Rheumatologists now have another treatment option to offer their patients with one of, if not the most, difficult autoimmune diseases to treat. New data add to the growing evidence of the safety and benefit of stem cell transplantation for patients with systemic sclerosis with internal organ involvement.
New results of the Scleroderma: Cyclophosphamide or Transplantation (SCOT) trial show that patients with systemic sclerosis with lung involvement who underwent myeloablative autologous hematopoietic stem cell transplantation (HSCT) had superior long-term outcomes compared with patients treated with monthly intravenous cyclophosphamide (CYC).

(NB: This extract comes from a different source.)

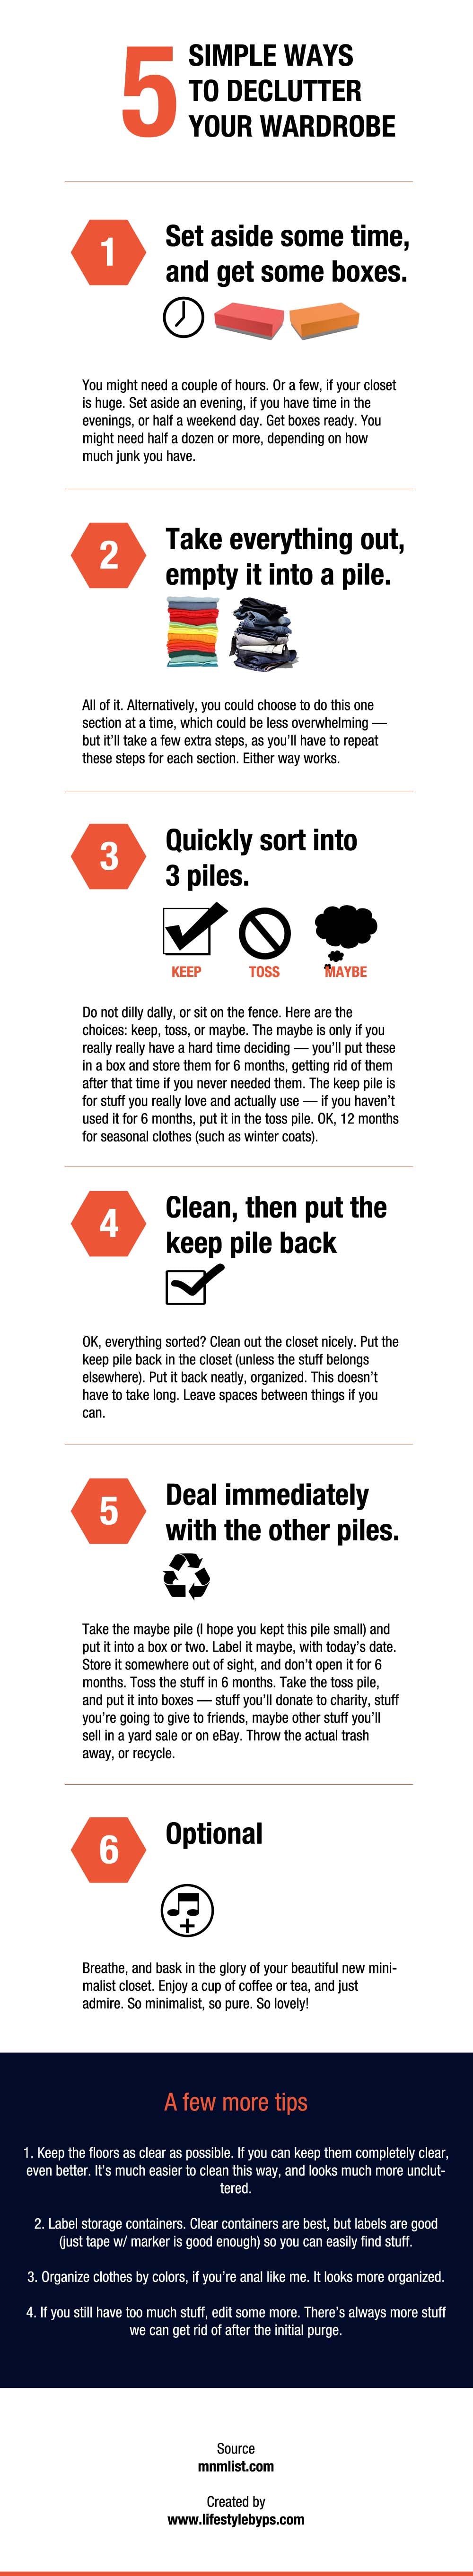 5 simple ways to declutter your wardrobe infographic

Reporting on the results of the trial at the 2016 ACR/ARHP Annual Meeting, Keith Sullivan, MD, James B. Wyngaarden Professor of Medicine in the Division of Cellular Therapy, Duke University Medical Center, Durham, N.C., says the results suggest it’s time to consider this treatment approach for select patients with systemic sclerosis with early, severe internal organ involvement.1
“Our job is to fully inform the patient and caregiver of the results of randomized clinical trials and the usefulness of the procedure,” he says, emphasizing that rheumatologists now have a treatment option for this difficult and often fatal disease that patients should know about.
“I’m not trying to oversell this,” he says, “I am trying to have colleagues see things through patients’ eyes, because if the patient never gets referred for a consultation with a transplant physician, this treatment will never be an option for them.”
What the Data Show
Results of the multicenter SCOT trial (currently in peer review for publication) support and expand the evidence for the superiority of stem cell transplantation compared with pulse CYC for select patients with systemic sclerosis, previously reported in the Autologous Stem Cell Transplantation International Scleroderma (ASTIS) trial, and to a more limited degree (because of shorter follow-up of a smaller patient cohort), in the American Scleroderma Stem Cell vs. Immune Suppression Trial (ASSIST).2
In the SCOT trial (sponsored by the National Institutes of Health, National Institute of Allergy and Infectious Diseases), 75 patients with diffuse cutaneous systemic sclerosis and progressive lung or renal involvement were randomized to CYC (750 mg/m2/month) infused over one year (n=39) or myeloablative HSCT (n=36). Unlike the ASTIS and ASSIST trials in which patients were given nonmyeloablative high-dose CYC for both preparative conditioning and stem cell mobilization, the SCOT trial used a lower dose of pre-transplant CYC and employed total body irradiation conditioning to eliminate all autoreactive immune cells prior to stem cell rescue.